Except that you're not.

A discussion of nature can never be dead. Information is still relevant even if it's 8 year old.
Common forum etiquette is in play here. An 8 year old thread's participants are usually long gone, and the thread is DEAD. If you want to have this discussion with the current forum participants, start a new thread and deliver your message.

Changing the size of the pupil doesn't change the size of the lens or focal length or magnification at all.
Nobody said it does, so you're just constructing a strawman with that statement.

Do you really think you can see further by making your hand scope like and put it in front of your eye? Definitely not, I tried.
Again, that's not what ANYBODY is saying. You don't actually know what DOF is, do you?
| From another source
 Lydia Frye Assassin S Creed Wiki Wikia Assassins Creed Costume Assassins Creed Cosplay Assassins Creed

I would accept your point if you have any sort of proof. But varying pupil sizes just don't change the depth of field for me.
The pupil dilating has to change the DOF - it's simple optical physics, like it or not. It doesn't mean it gives you telescopic eyes (the argument you seem to be trying to strawman against), it means that DOF changes.
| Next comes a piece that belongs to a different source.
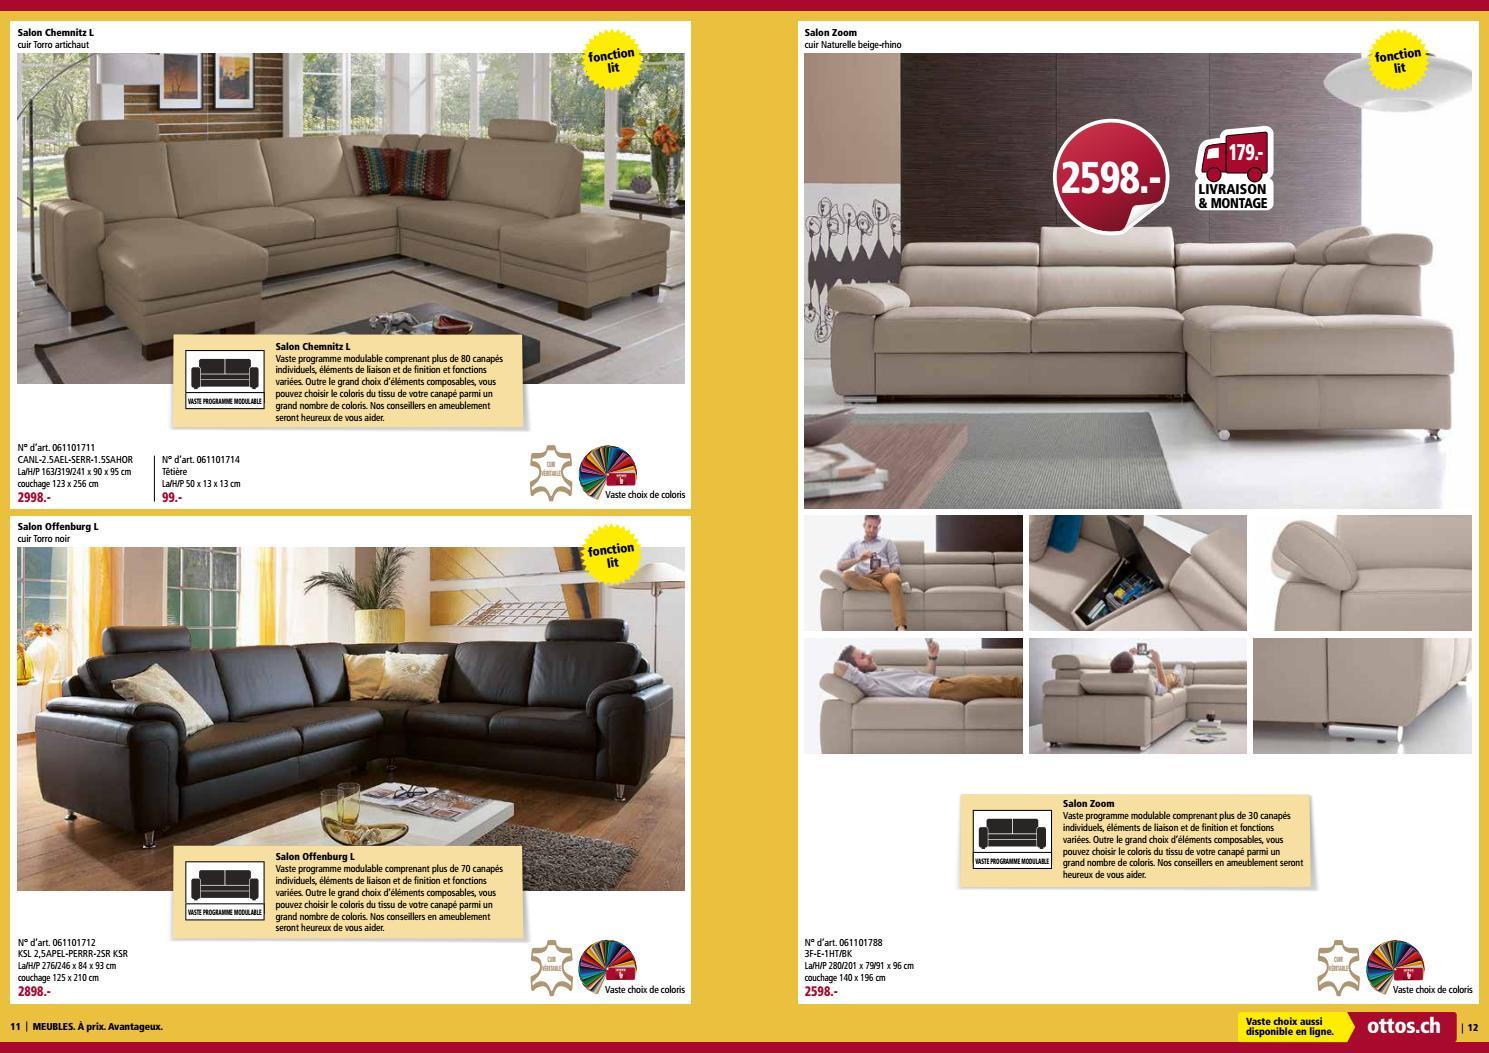 magasin de meuble offenburg magasin de meuble offenburg comment planter du basilic magasin. Black Bedroom Furniture Sets. Home Design Ideas

The human eye changing focal length by looking at something very close up vs. something very far away does it as well, just like a camera's lens does. When looking at something inches from our face, the DOF is very narrow, compared to looking at mountains far off in the distance, where the DOF is miles deep, not a few inches.
 
By the way, here's an experiment you can try that I learned as a kid who needed glasses at age 10: Put a pinhole in a piece of paper, then look through it - the whole world gets sharper. Guess why? Smaller aperture at the front of the eye causes a change in DOF, increasing it significantly.